Ask HN: What are your worst pain points when dealing with scientific literature?
7 points
2 months ago
| 5 comments
| HN
My background is mainly in computer science / software engineering, but I've been working with scientists (mainly biologists) for most of my career. One of the biggest areas of friction and frustration I've encountered seems to be around how to effectively extract value from the literature -- whether it be raw data in a form that can be reused, or higher-level knowledge (e.g., how do you consume multiple studies about a given topic and synthesize them into a coherent mental model to inform your own research?).

I'm interested in building tools to improve this, so I'd really appreciate hearing what you all think are the biggest challenges in this area.
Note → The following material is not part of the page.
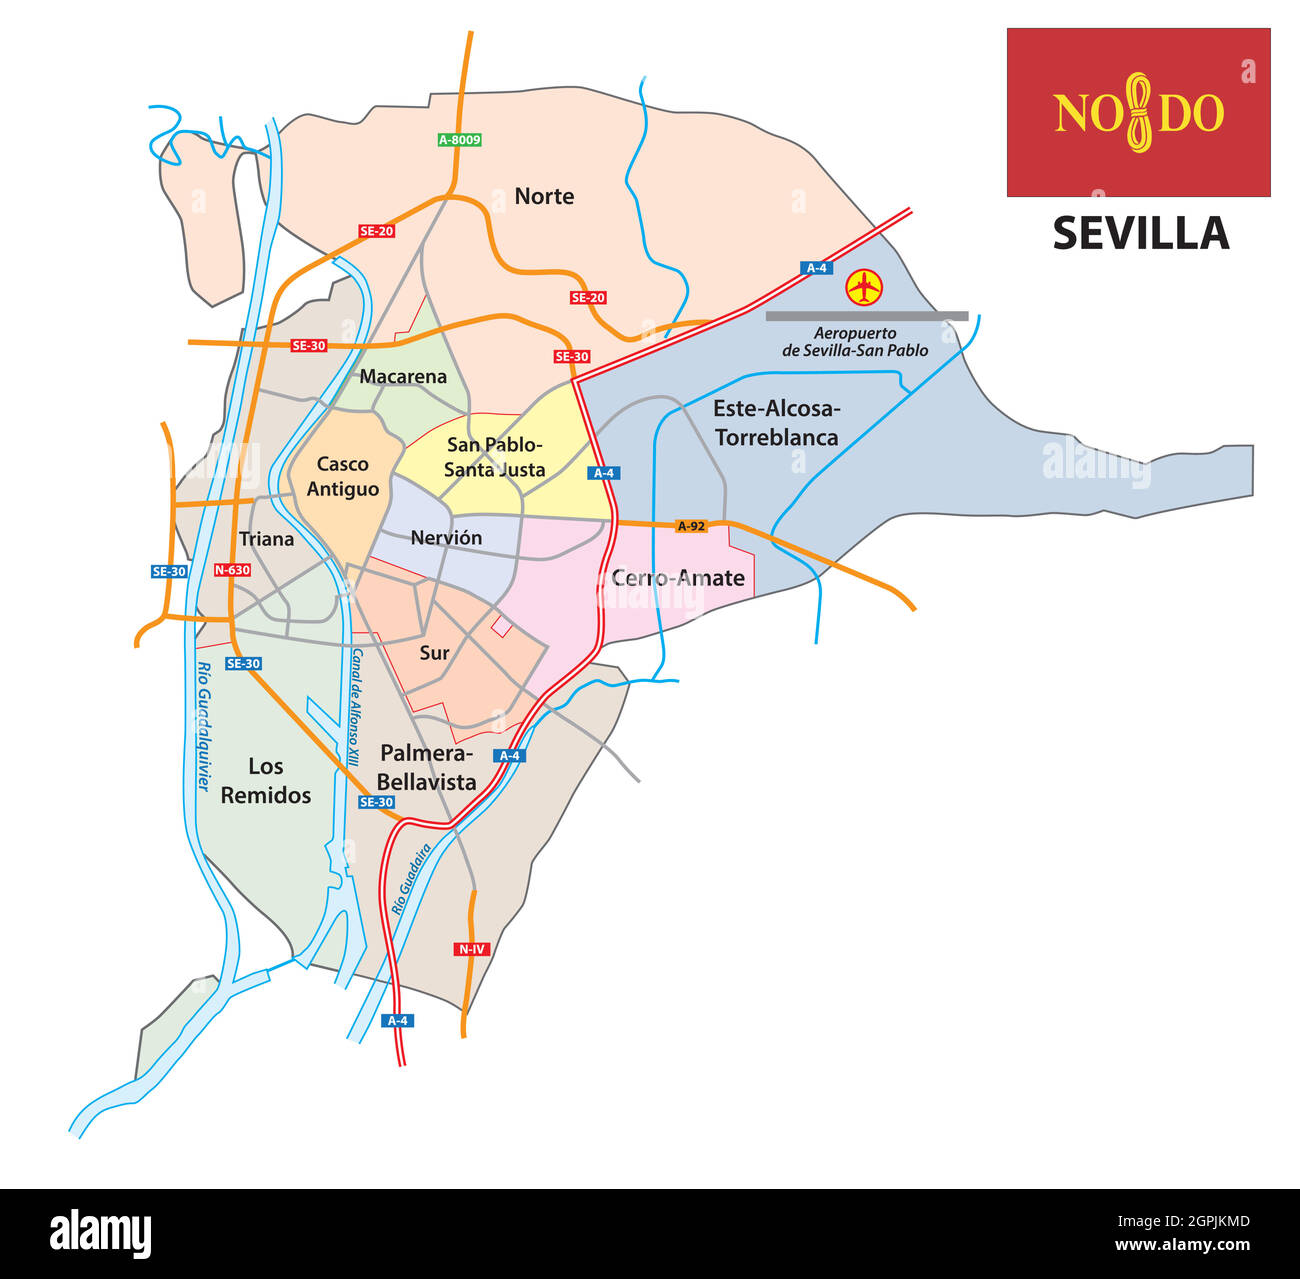 Mappa amministrativa e stradale della capitale andalusa Siviglia, Spagna Illustrazione Vettoriale

And if there are existing tools that you consider "secret weapons" for doing better at science, I'd love to hear about those as well.

kingkongjaffa
2 months ago
[-]
Some kind of academic CRM where you can start a new 'project' with some keywords and it assembles highly cited works and the authors of the works.
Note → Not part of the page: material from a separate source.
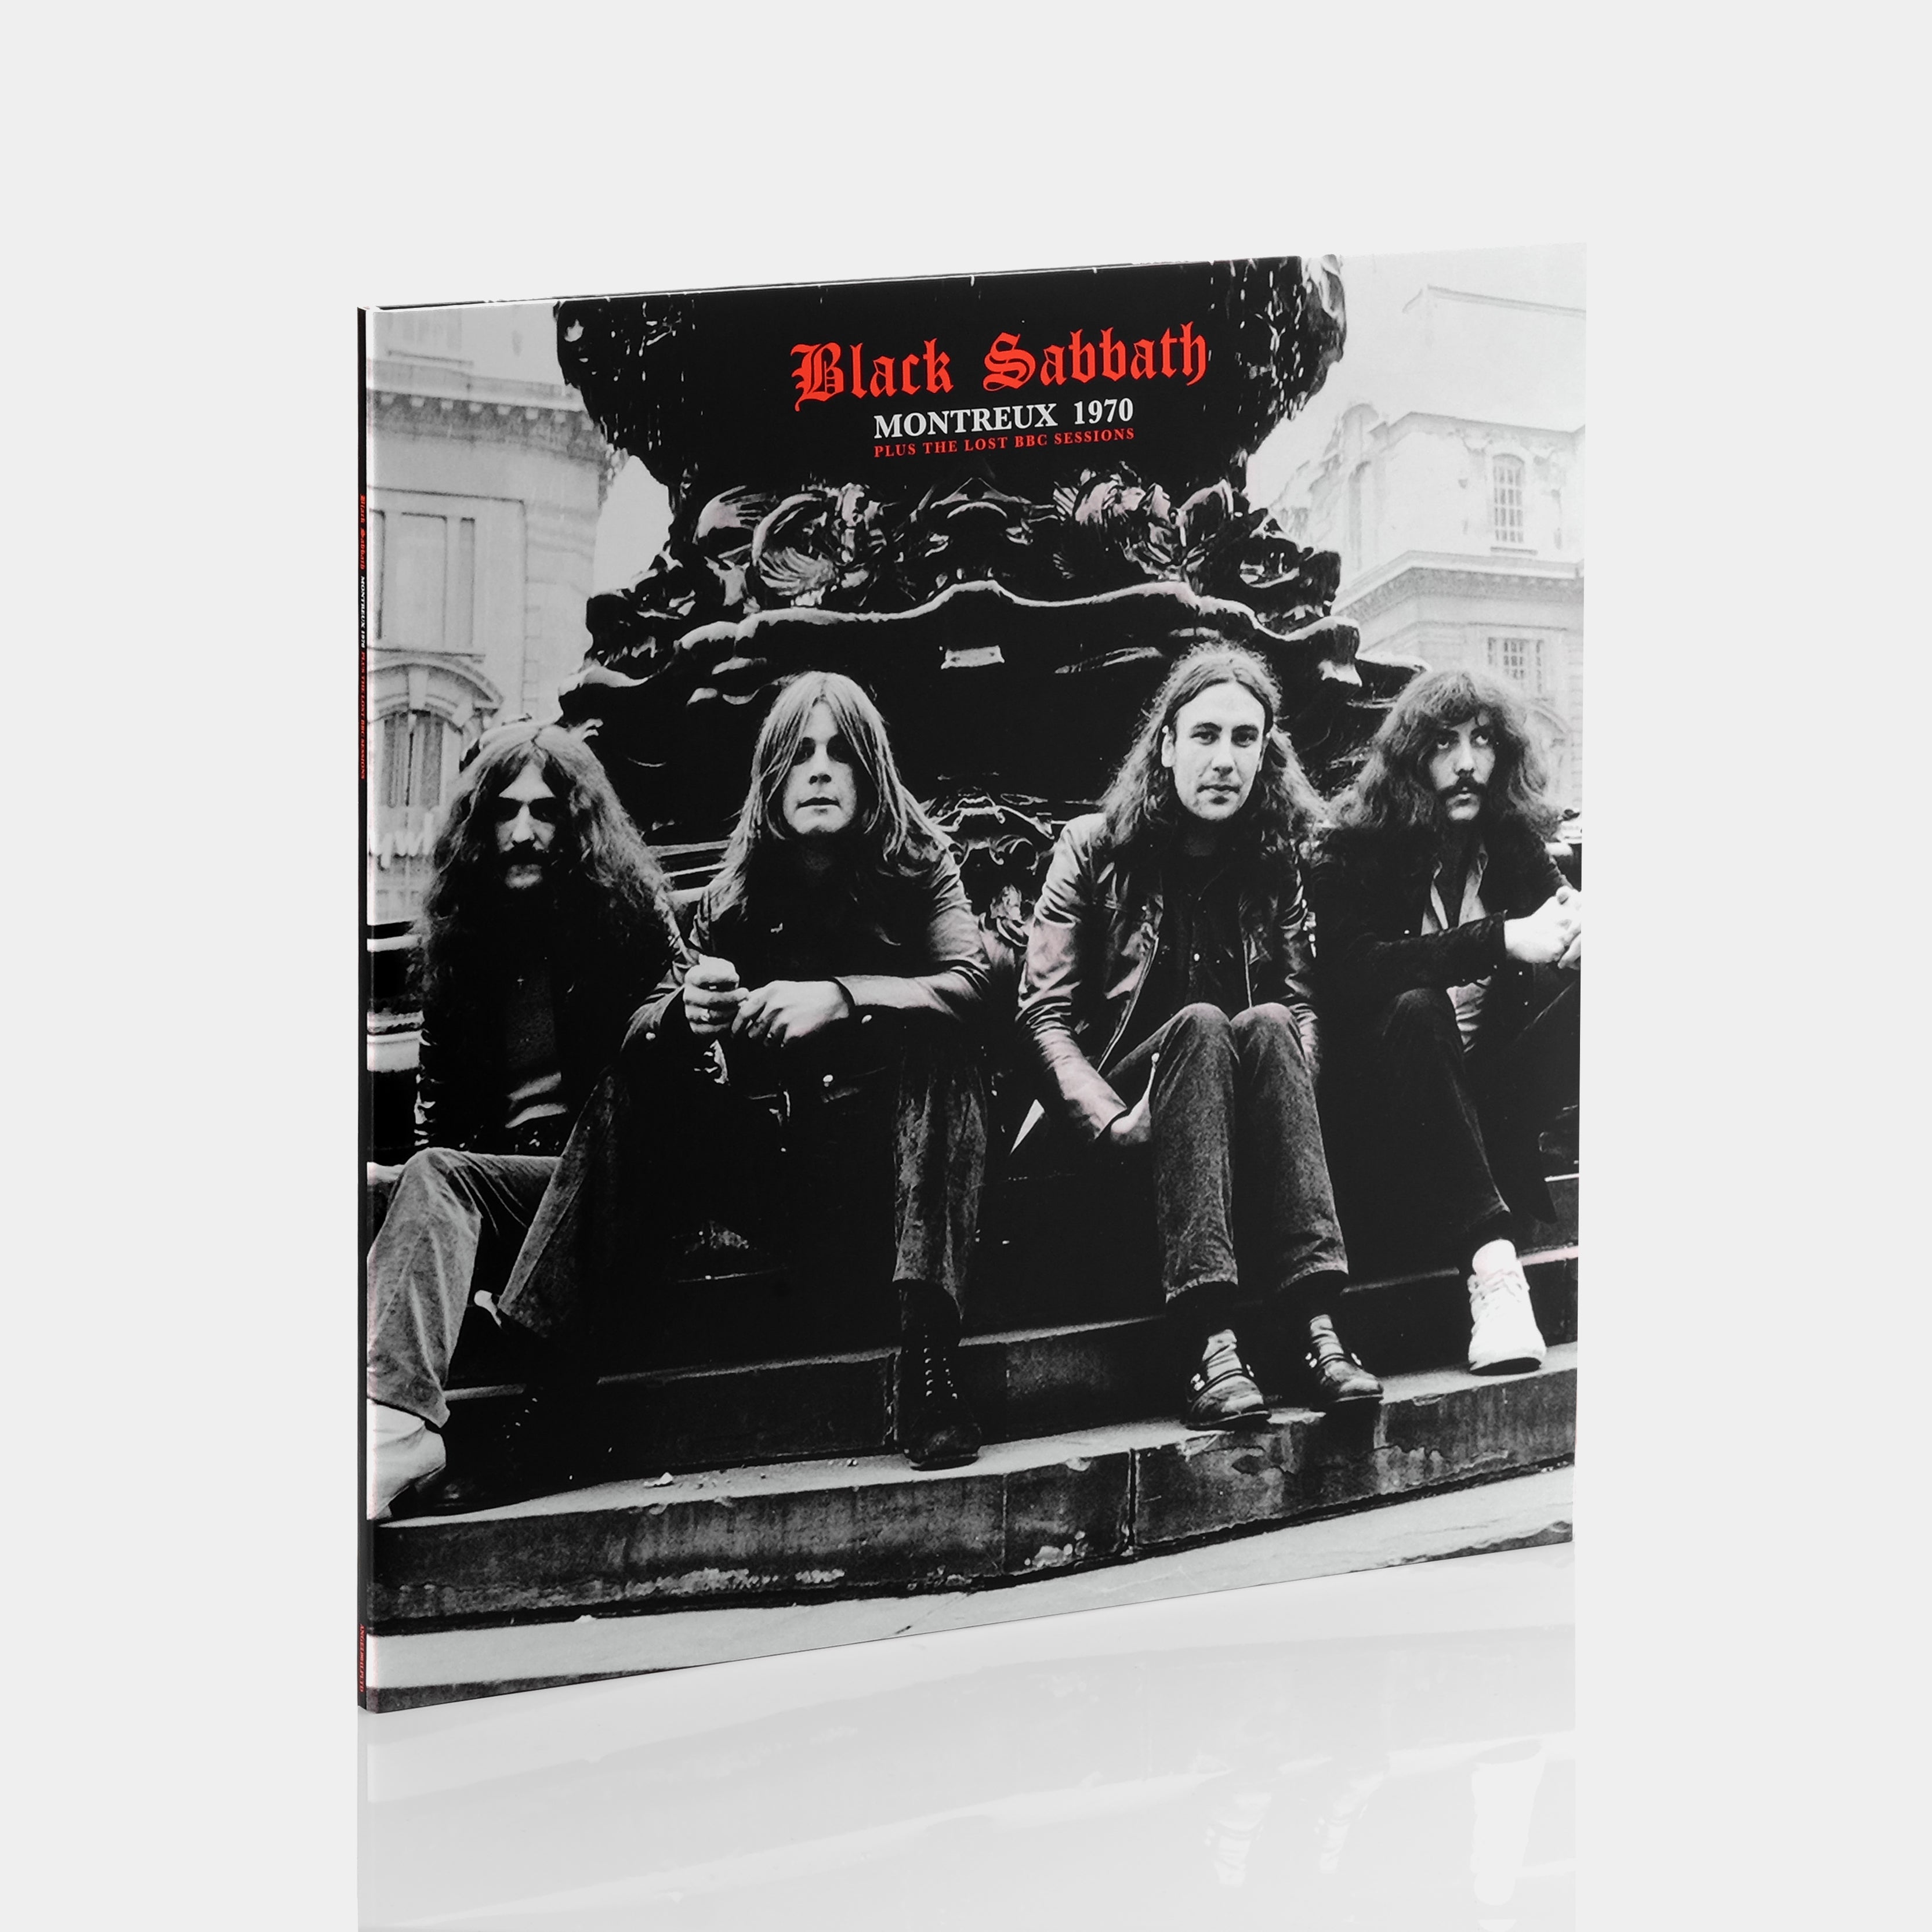 Black Sabbath - Montreux 1970 Plus The Lost BBC Sessions 2xLP Clear/Red Splatter Vinyl Record

From there you can recursively search through the bibliography of the seminal works and the works that cite the seminal work to build a research map.
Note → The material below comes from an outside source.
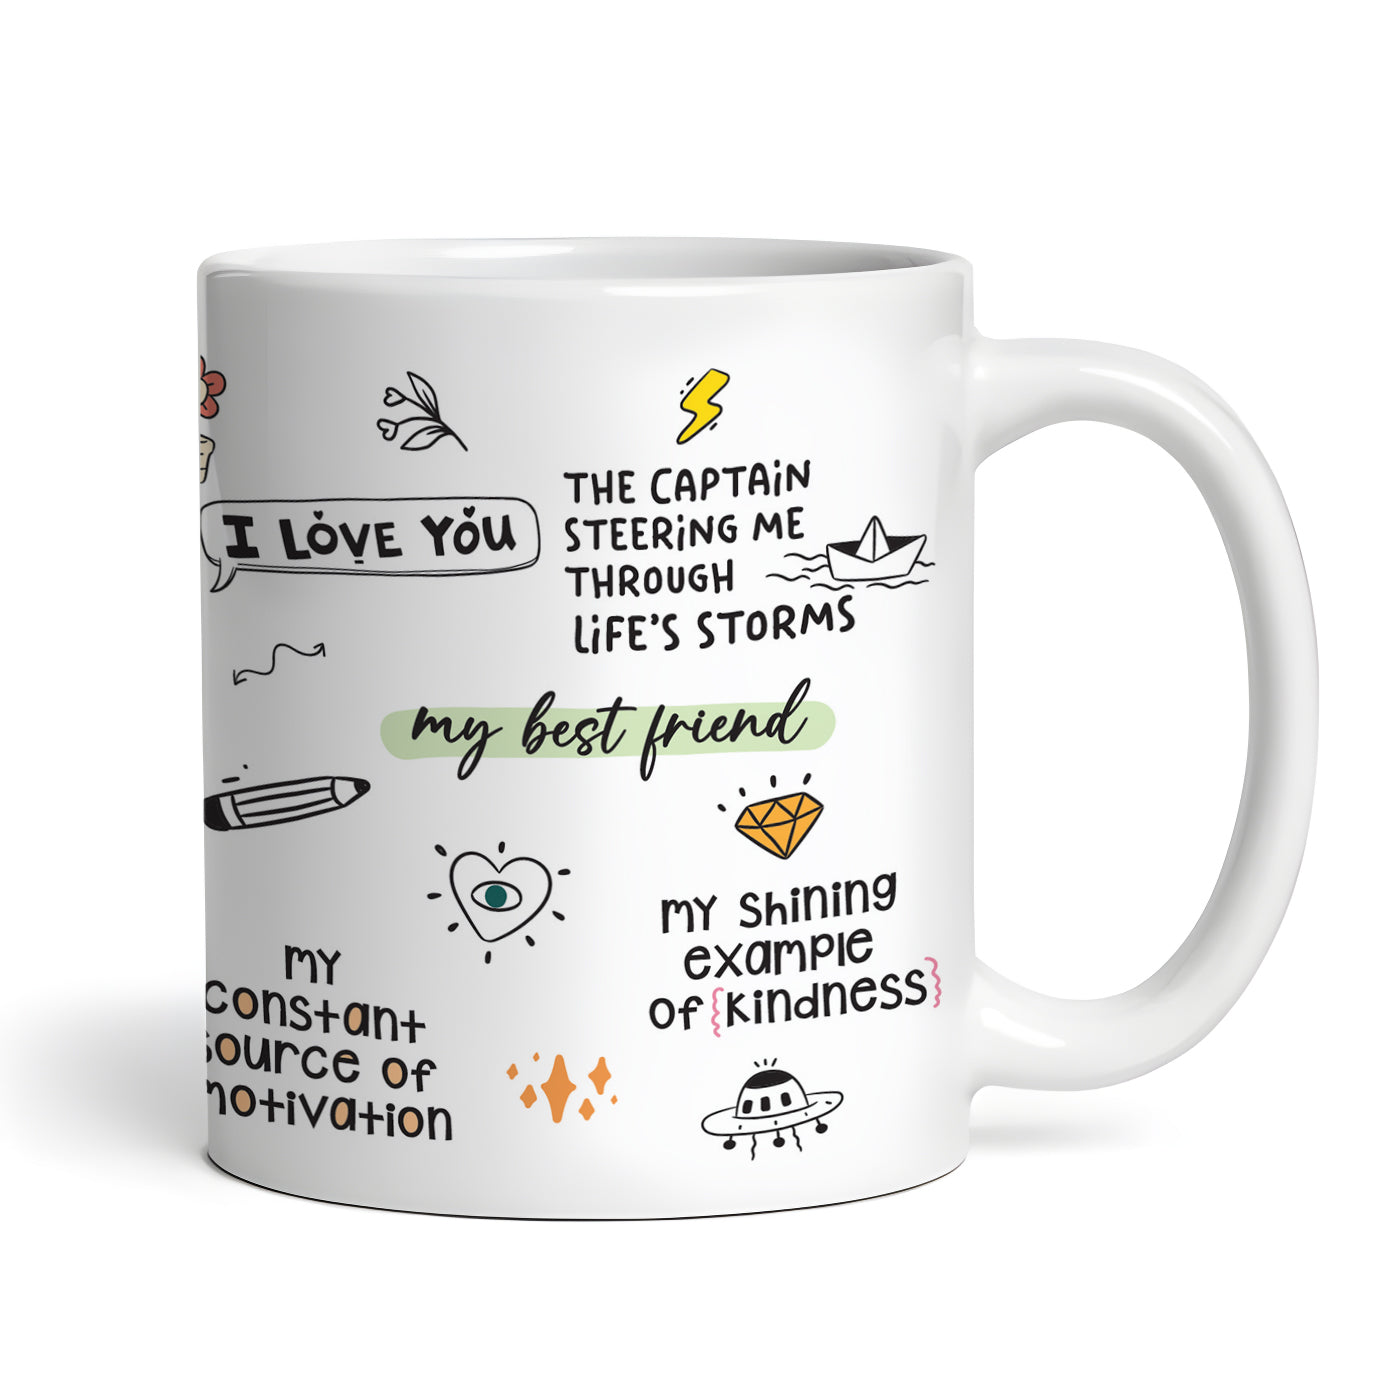 Appa Love Gratitude Coffee Mug

When researching different fields you often end up finding a) who the top researchers are and then you want to go read all of their stuff. b) who is currently working on the thing in $current_year who you might want to contact and talk to.

for example, when it comes to internal combustion engine research, Heywood is the man: https://scholar.google.co.uk/scholar?hl=en&as_sdt=0%2C5&q=JB...

(most cutting edge research is locked away in the automotive company's sadly).

Or in computational fluid dynamics the 'entry point' to the field is basically JD Anderson.

In both cases you're like 6 degrees of separation away from the cutting edge in several micro topics of active research.

> synthesize them into a coherent mental model to inform your own research

For the mental model there's no real way around sitting and reading a bunch of papers, I basically taught myself how to read papers efficiently and then read papers every day (often dead ends which can be quickly discounted.)

reply
kingkongjaffa
2 months ago
[-]
The worst pain point actually, however will always be lack of access to research unless you go to a university that pays for all of the 100's of journals.
reply
rkwz
2 months ago
[-]
> Some kind of academic CRM where you can start a new 'project' with some keywords and it assembles highly cited works and the authors of the works. From there you can recursively search through the bibliography of the seminal works and the works that cite the seminal work to build a research map. When researching different fields you often end up finding a) who the top researchers are and then you want to go read all of their stuff. b) who is currently working on the thing in $current_year who you might want to contact and talk to.

Yes, this would be great. Would also prefer if there's a way to trace back to the "origin" papers from which other papers build upon, and if you don't understand a term or concept, can search papers that explain it better.

reply
solardev
2 months ago
[-]
Not a professional, but as someone with a science degree and casual interest in reading papers now and then, I wish there was a:

1) A better (cheaper) way to access them. It doesn't necessarily have to be free as in SciHub, but there's no way I'm going to pay $80 as an individual to read one paper.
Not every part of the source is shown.